• _Work instruction_: The answer must consist solely of the lines from the one with "graduado sarcoma vértice" through the last line of the data, copied exactly, with no pictures.
(Provided material begins)
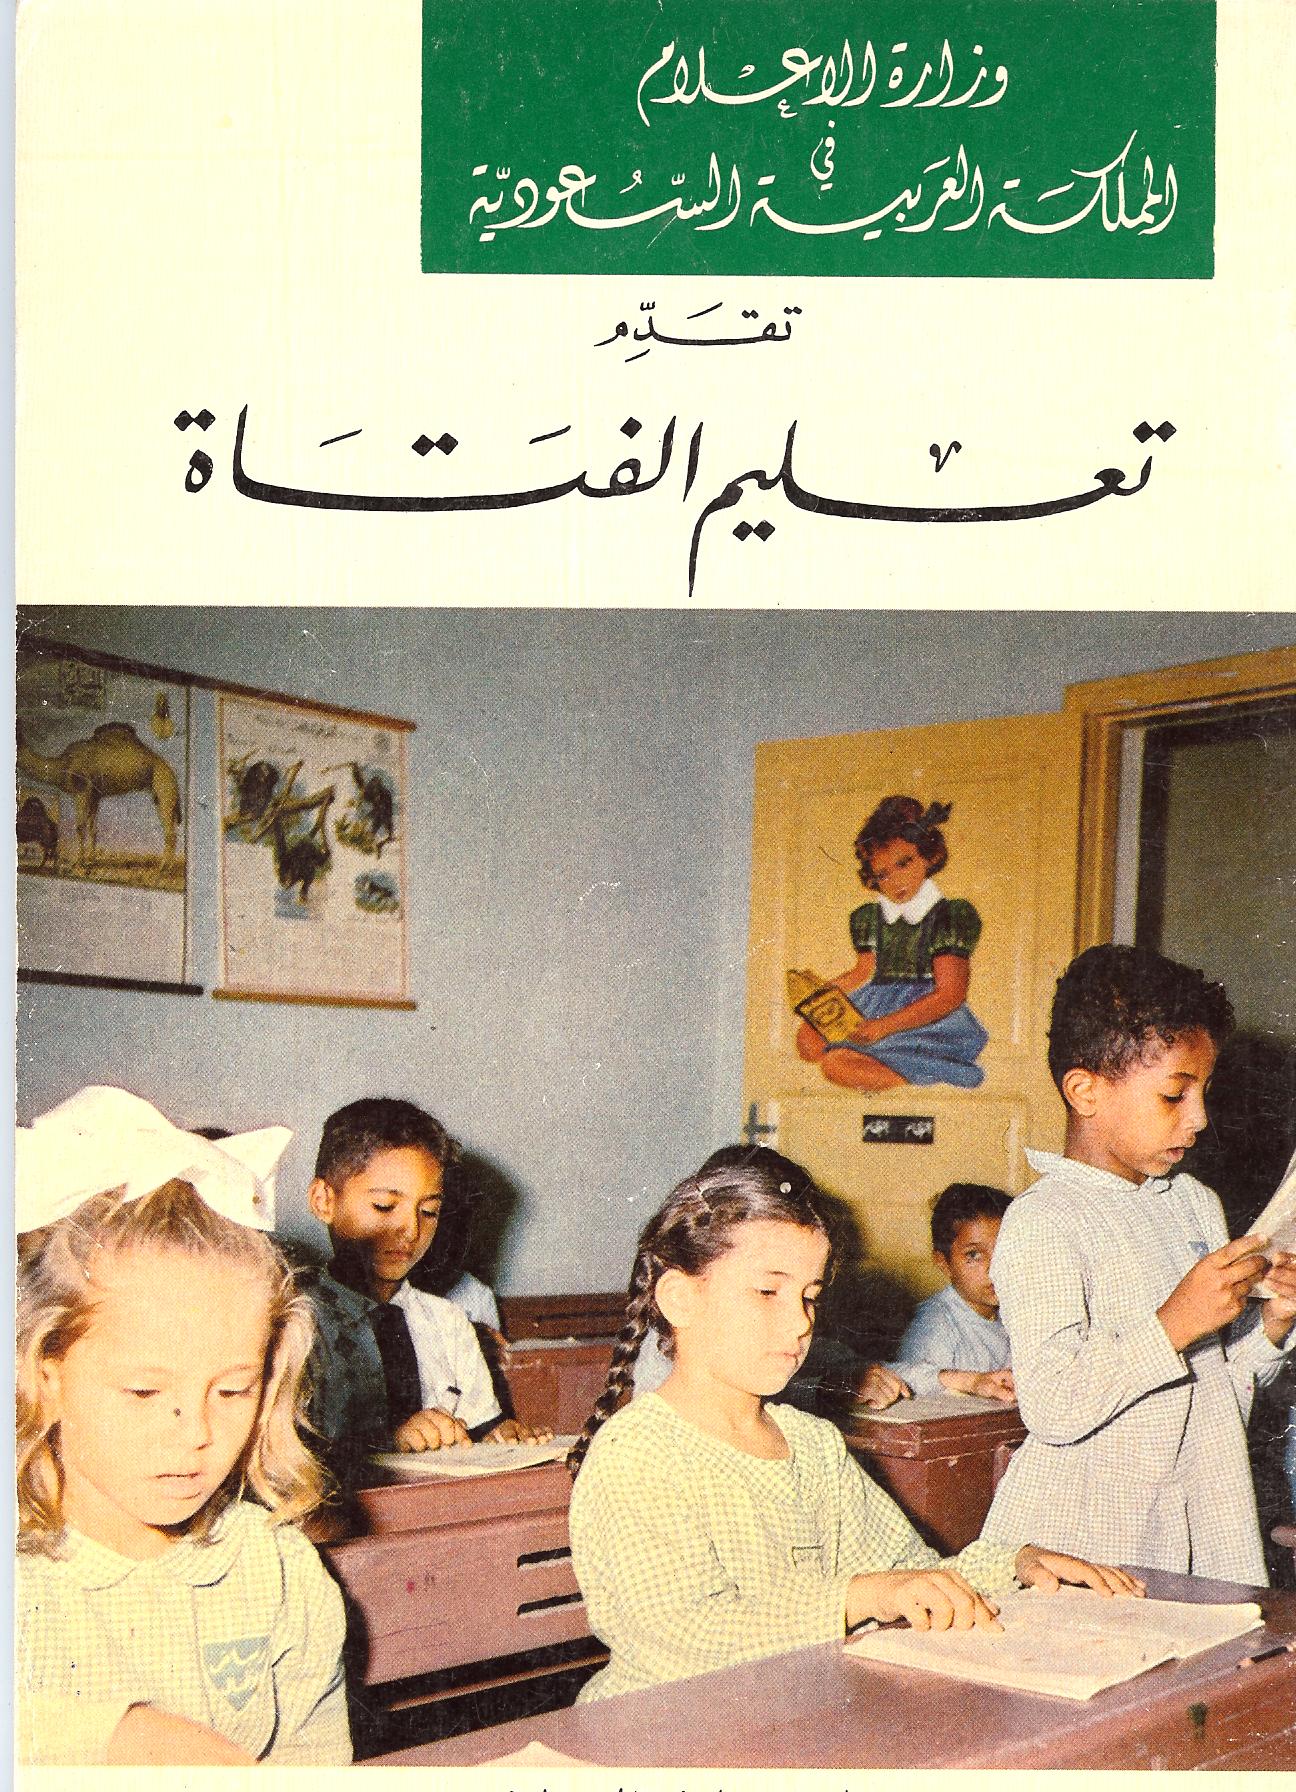 Establishment of Girls Education in the Kingdom
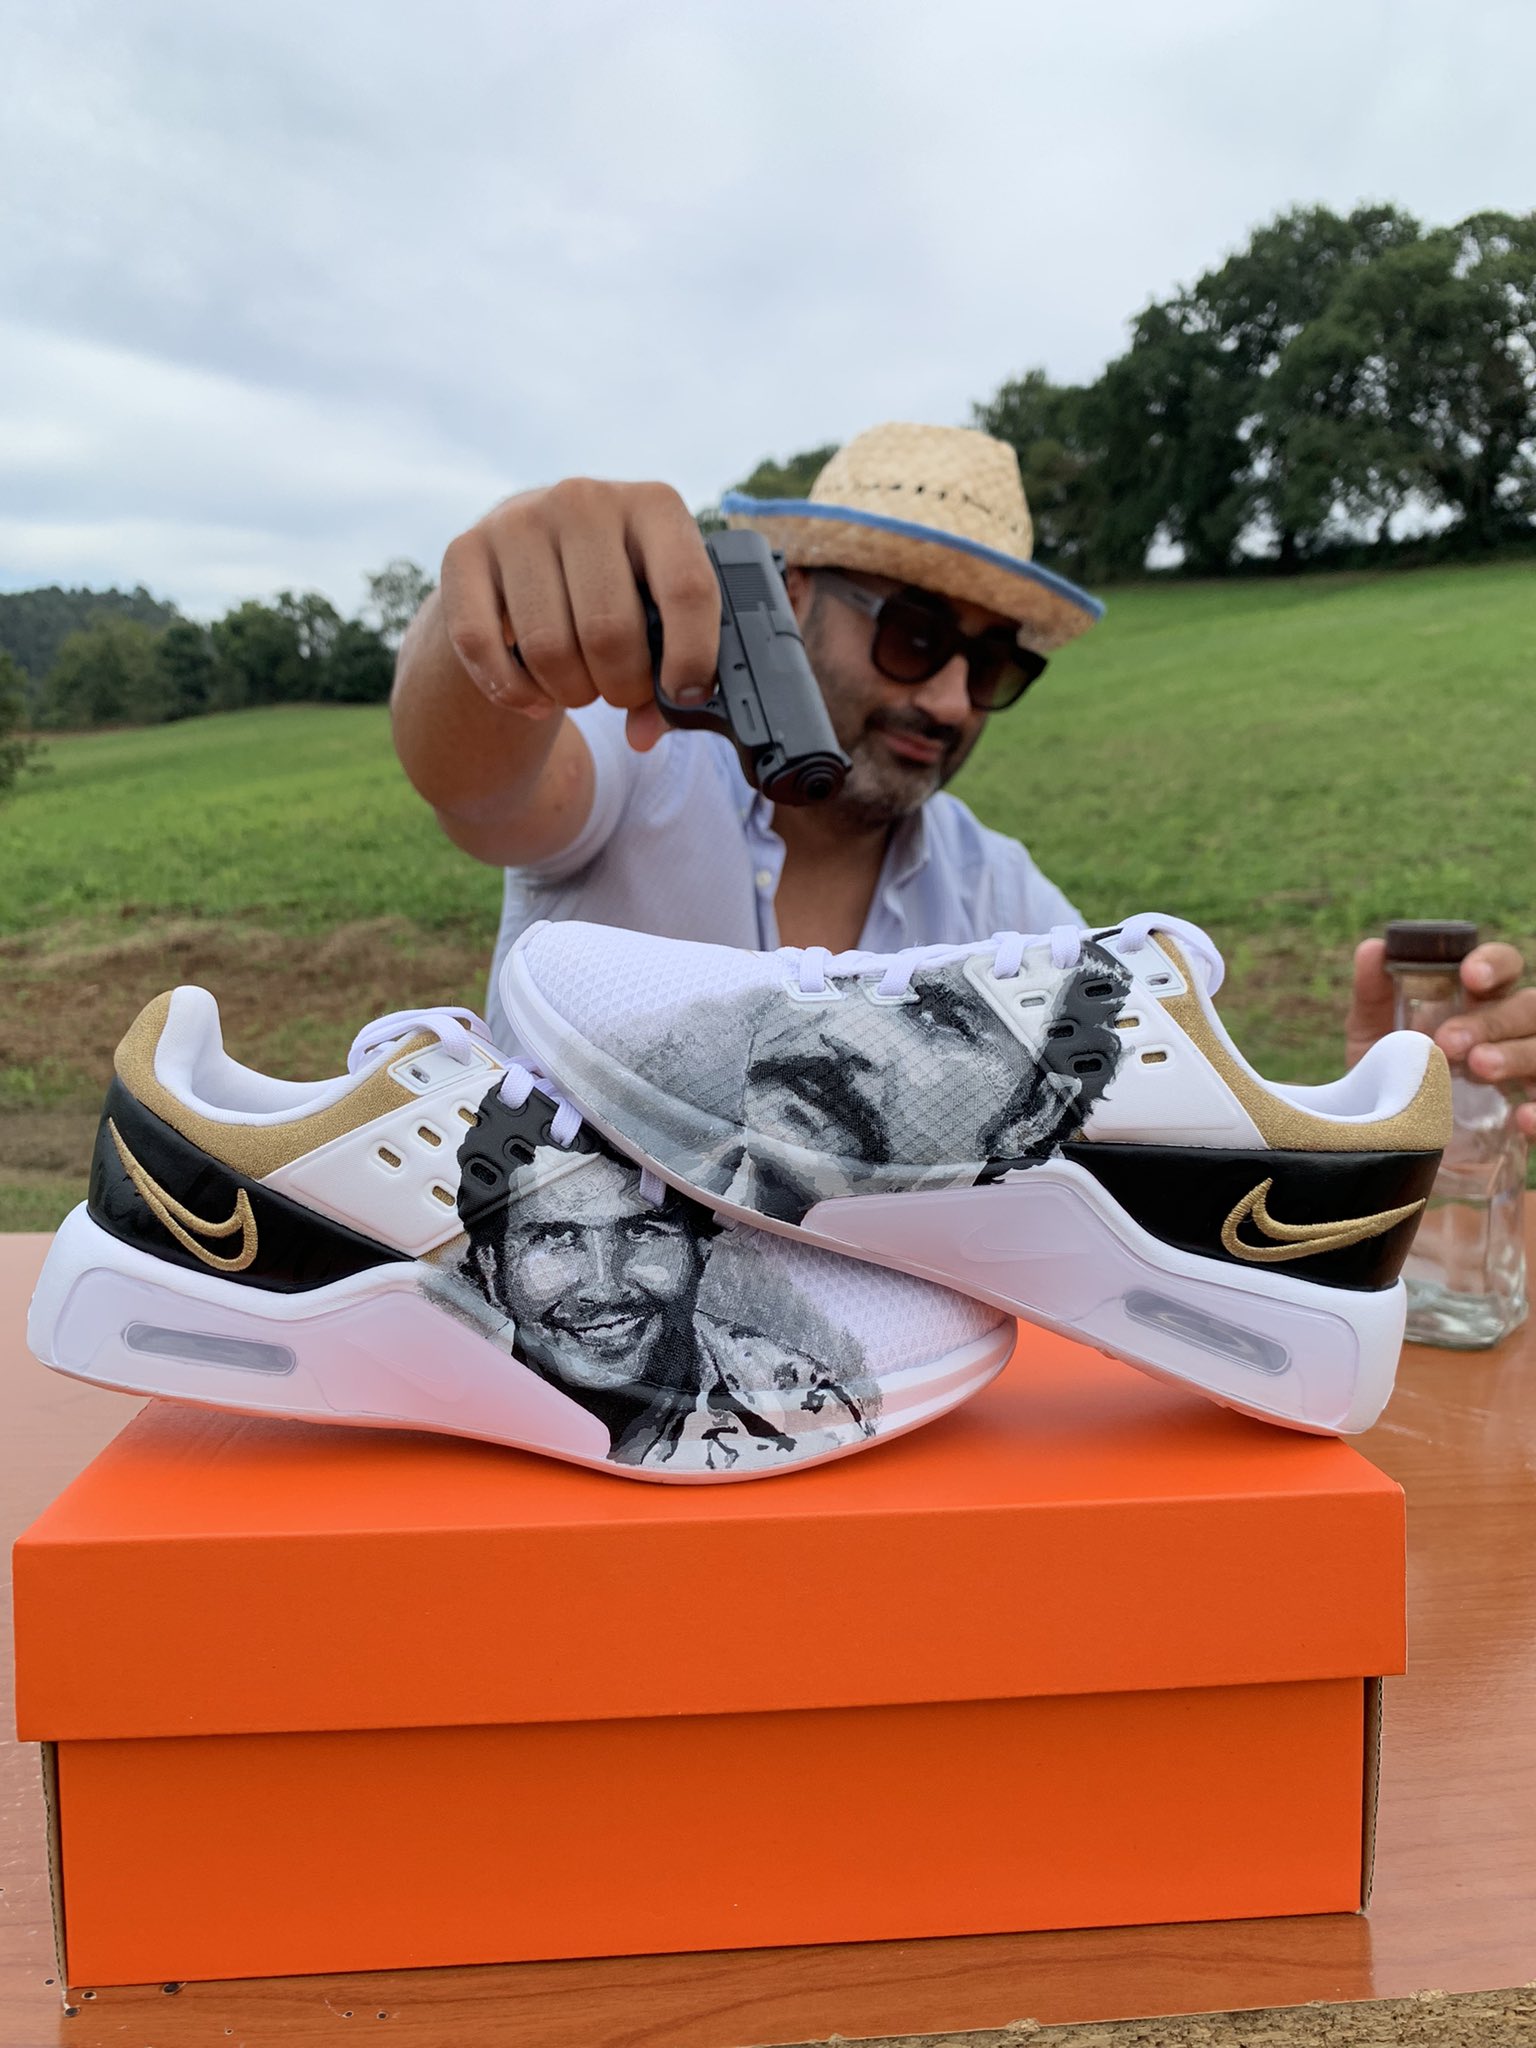 graduado sarcoma vértice Fran on Twitter: "Personalización zapatillas @Nike Pablo Escobar con  pinturas @AngelusBrand “Plata…o Plomo” #elpatron #custom #Netflix #Narcos  #handpainted #PabloEscobar #nike #AIRMAX #arte https://t.co/y88pC3ypzw" /  Twitter
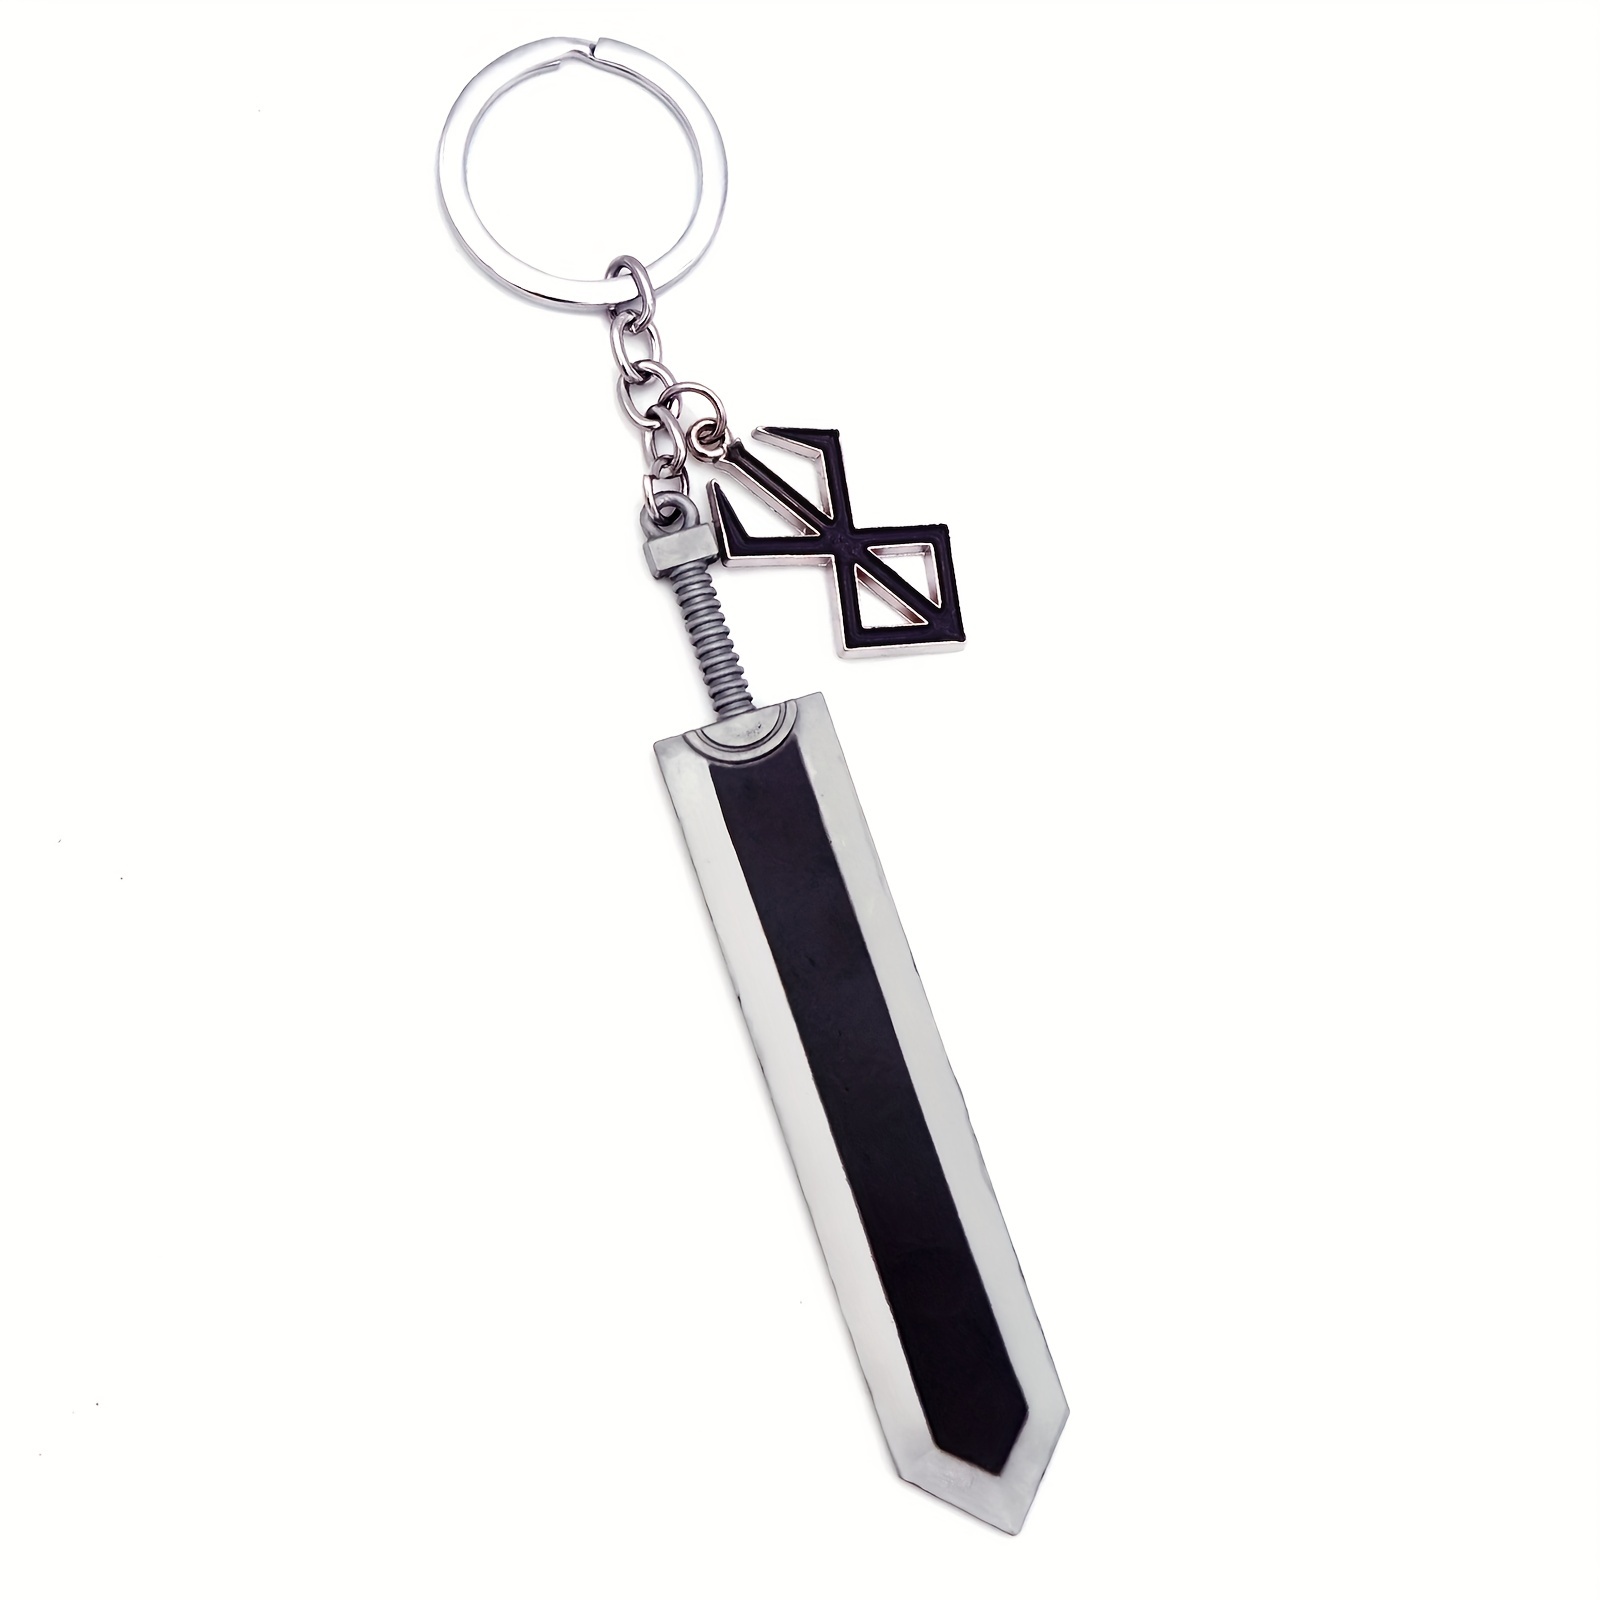 Key Chain Accessories Black, Metal Keychain Accessories
(Provided material ends)
• _Result below_:
 graduado sarcoma vértice Fran on Twitter: "Personalización zapatillas @Nike Pablo Escobar con  pinturas @AngelusBrand “Plata…o Plomo” #elpatron #custom #Netflix #Narcos  #handpainted #PabloEscobar #nike #AIRMAX #arte https://t.co/y88pC3ypzw" /  Twitter
 Key Chain Accessories Black, Metal Keychain Accessories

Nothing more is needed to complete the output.